Urbanization, the rise in western-style junk food consumption, and lack of exercise are to blame for rising obesity in the South Pacific, along with cultural factors like the positive association of beauty with weight. Moreover, "obesity has become a problem of poverty," according to Daniel Epstein, a WHO official. As FP reported in 2003:
Obesity now threatens more people in poor countries than undernourishment. Over 115 million adults in the developing world suffer from obesity-related problems, and these numbers are rising more rapidly than those of the 170 million undernourished, according to the World Health Organization. Many developing countries—including China, Mexico, Brazil, and Togo—suffer from higher rates of obesity than undernourishment.
The WHO estimates that over the next 10 years, the number of obese adults in the world will rise by 40 percent, bringing the total to a whopping 2.24 billion.
Monday, February 26, 2007 - 10:32 AM

A government survey has found that over 40 percent of women in India have never heard of AIDS. In a country where 5.7 million people live with HIV/AIDS, according to the United Nations, that's bad news. Activists blame poor awareness for the spread of the disease, particularly among women.

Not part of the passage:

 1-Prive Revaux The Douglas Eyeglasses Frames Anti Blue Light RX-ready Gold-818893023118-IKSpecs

Perhaps there is some good news about AIDS in India, though. A recent study in the Guntar district of Andhra Pradesh, the state with the highest HIV rate in India, found that the government's estimation of the number of HIV-infected people was highly inflated. The researchers found that the real figure was less than half of what the government believed. However, the U.N. has warned against drawing "hasty conclusions" and generalizing the findings to the entire country. Either way, it doesn't help women to be in the dark about HIV/AIDS, especially with the growing "feminization" of the disease in India. Women now account for almost 40 percent of those infected with the disease in India. Sadly, this new survey on women's awareness of AIDS also highlights that not only is wealth in the country failing to trickle down, so is information that can save lives.

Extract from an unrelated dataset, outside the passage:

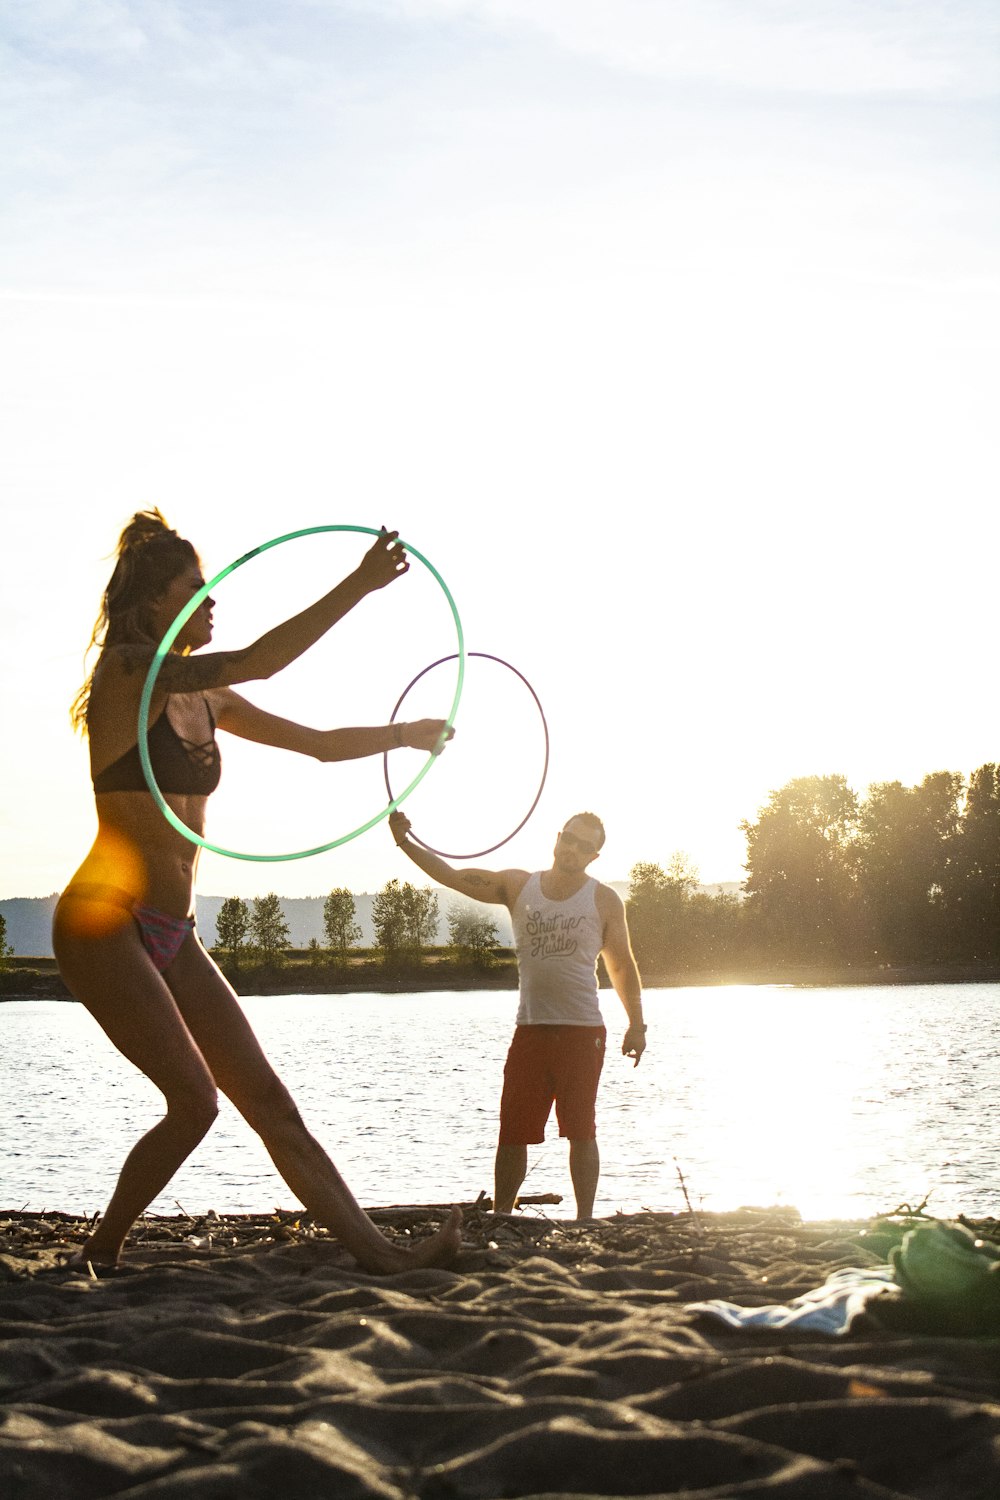 man and woman playing hula hoop near body of water

Tuesday, February 20, 2007 - 2:10 PM

An "epidemic" of counterfeit life-saving drugs has been spreading in Asia and Africa, according to world health experts. At least 200,000 people may die each year from these fakes, which are particularly problematic in malaria cases. The World Health Organization estimates that one fifth of the one million annual malaria deaths around the world would be prevented if medicines were genuine and administered properly. In a recent sampling in Southeast Asia, over half the anti-malarials bought were fakes, and the WHO estimates that one in four drug packets sold in the streets of developing countries is fake. Most of the counterfeit drugs originate in China, and they're often incredibly difficult to identify as fakes, since some of the drugs even bear the tiny hologram found on the genuine drug packaging to prevent forgery.

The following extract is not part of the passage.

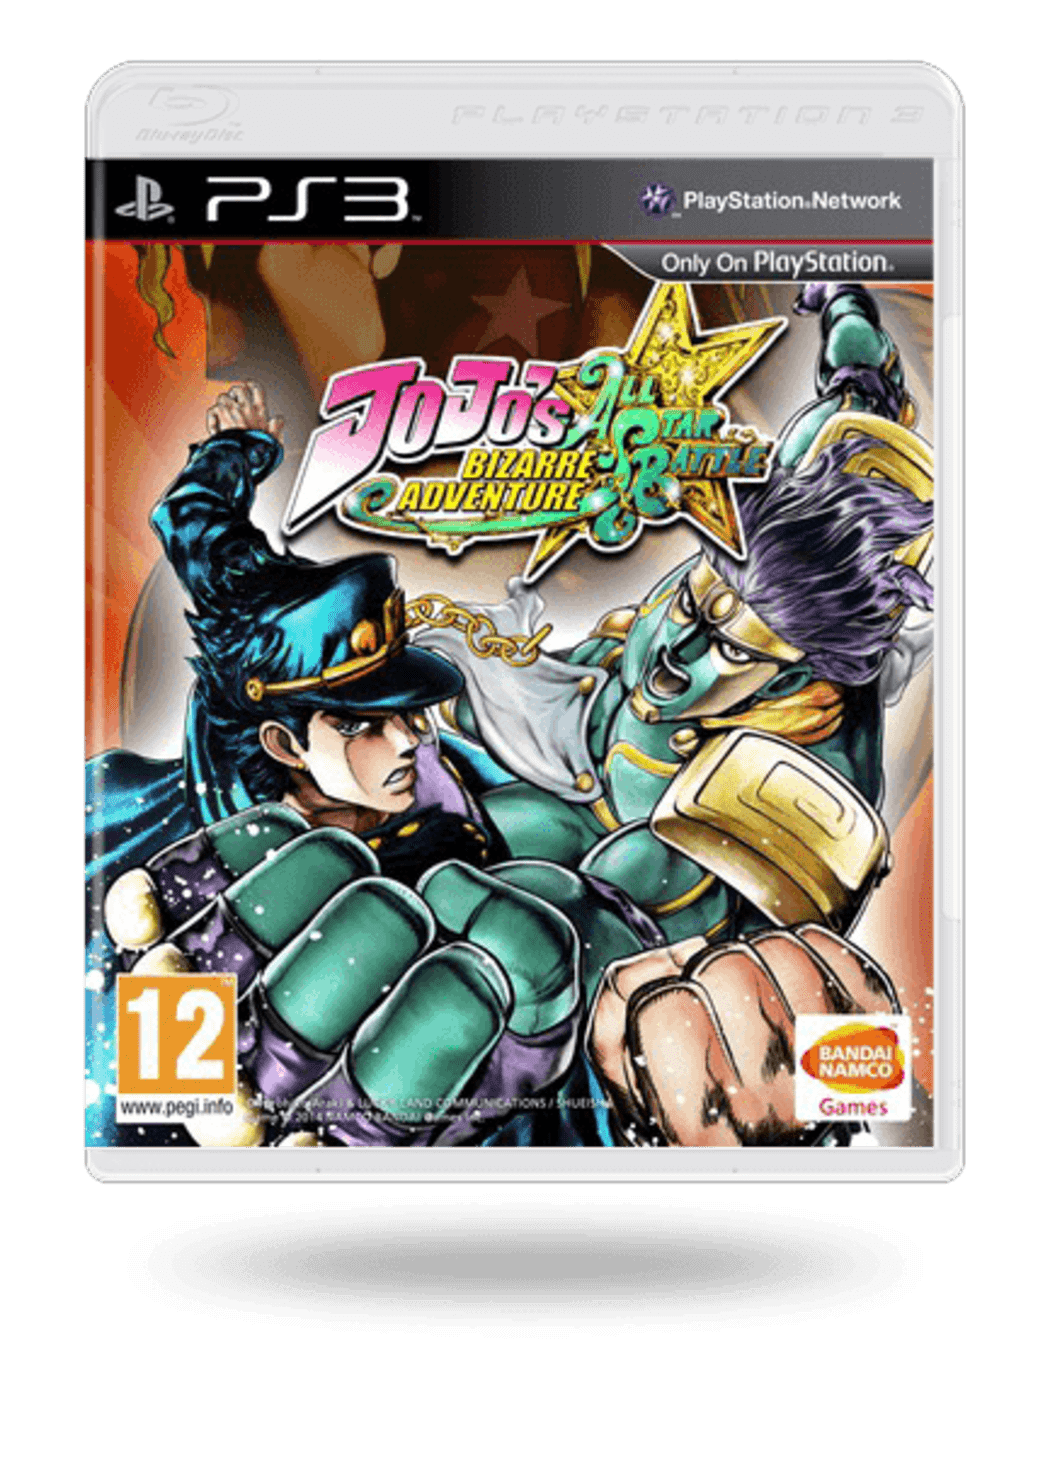 Buy JoJo's Bizarre Adventure: All-Star Battle PS3 CD! Cheap game price

The Chinese government is apparently cracking down on counterfeiters and is currently investigating whether the former chief of China's Food and Drug Administration had taken bribes to approve drugs. Yet there seems to be a long way to go. According to David Fernyhough, a counterfeiting expert based in Hong Kong, the drug distribution networks mirror the old Southeast Asian heroin networks and "[t]he problem is simply so massive that no amount of enforcement is going to stop it." Moreover, the money being poured into developing regions for tackling malaria creates more incentives for producers of fakes, especially since most of these countries lack the capacity to detect sophisticated counterfeits. To make matters worse, often the penalties for forging consumer goods are harsher than the penalties for faking medicines, despite greater real-world consequences for the latter.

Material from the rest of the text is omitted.